--- Records supplied ---
----

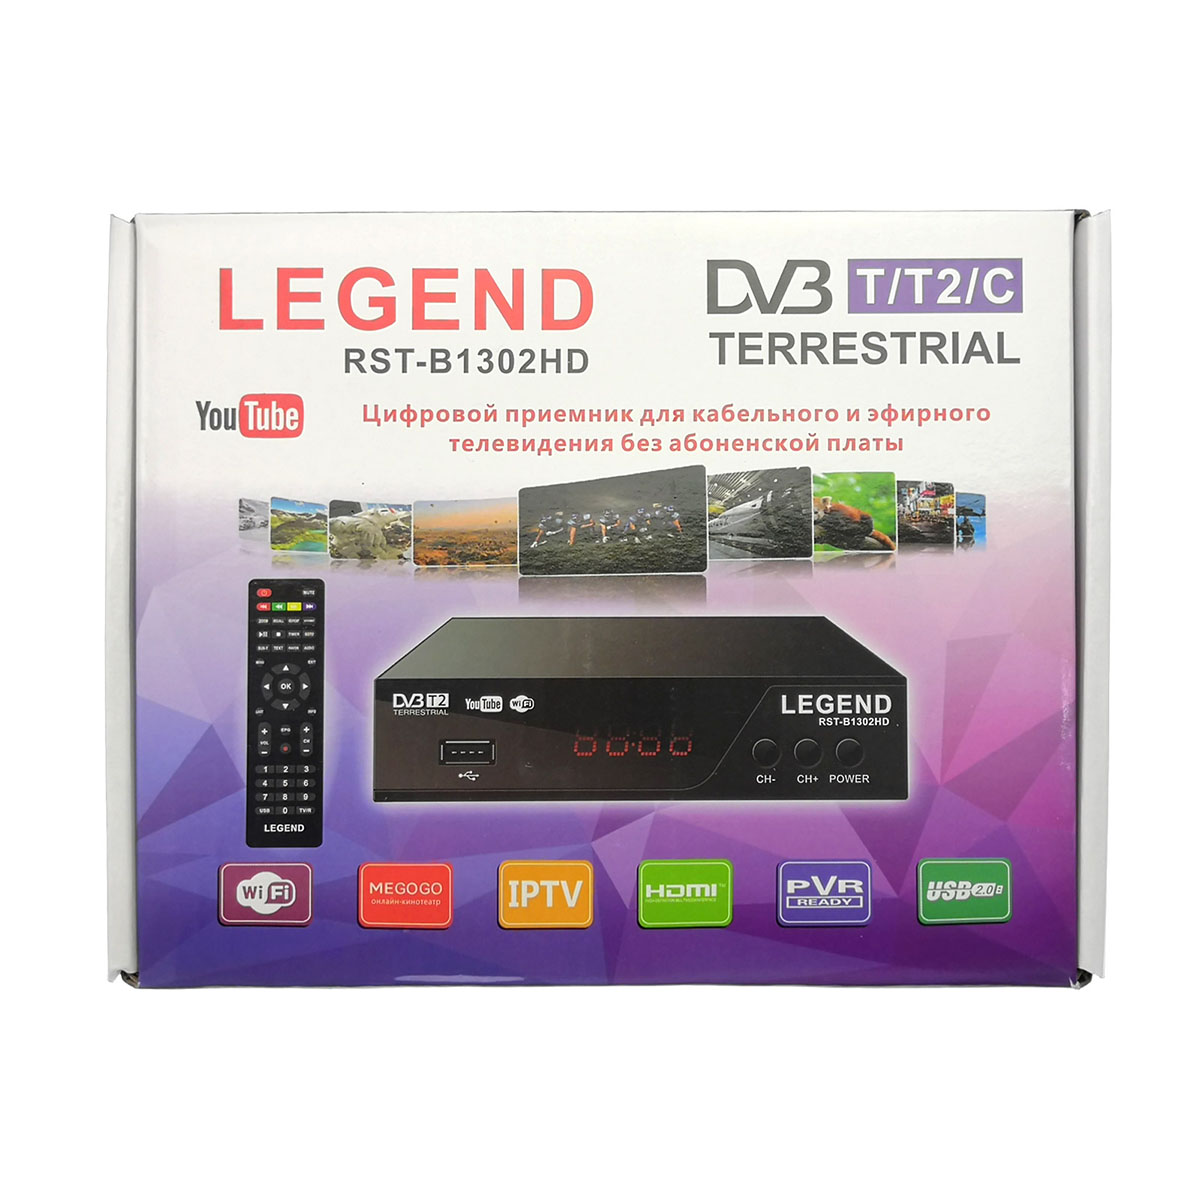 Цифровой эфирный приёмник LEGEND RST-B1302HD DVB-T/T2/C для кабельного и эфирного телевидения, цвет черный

----

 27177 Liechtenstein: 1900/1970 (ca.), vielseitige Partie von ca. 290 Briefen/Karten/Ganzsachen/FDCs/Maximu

----

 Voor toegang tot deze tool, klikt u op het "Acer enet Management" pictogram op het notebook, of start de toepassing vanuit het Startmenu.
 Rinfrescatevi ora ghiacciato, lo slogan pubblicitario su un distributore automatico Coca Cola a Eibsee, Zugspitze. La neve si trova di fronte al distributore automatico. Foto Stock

----

Beginning with the line that has "Voor toegang tot" and ending with the line that has "Rinfrescatevi ora ghiacciato, lo", set down the lines above exactly and include no others.

 Voor toegang tot deze tool, klikt u op het "Acer enet Management" pictogram op het notebook, of start de toepassing vanuit het Startmenu.
 Rinfrescatevi ora ghiacciato, lo slogan pubblicitario su un distributore automatico Coca Cola a Eibsee, Zugspitze. La neve si trova di fronte al distributore automatico. Foto Stock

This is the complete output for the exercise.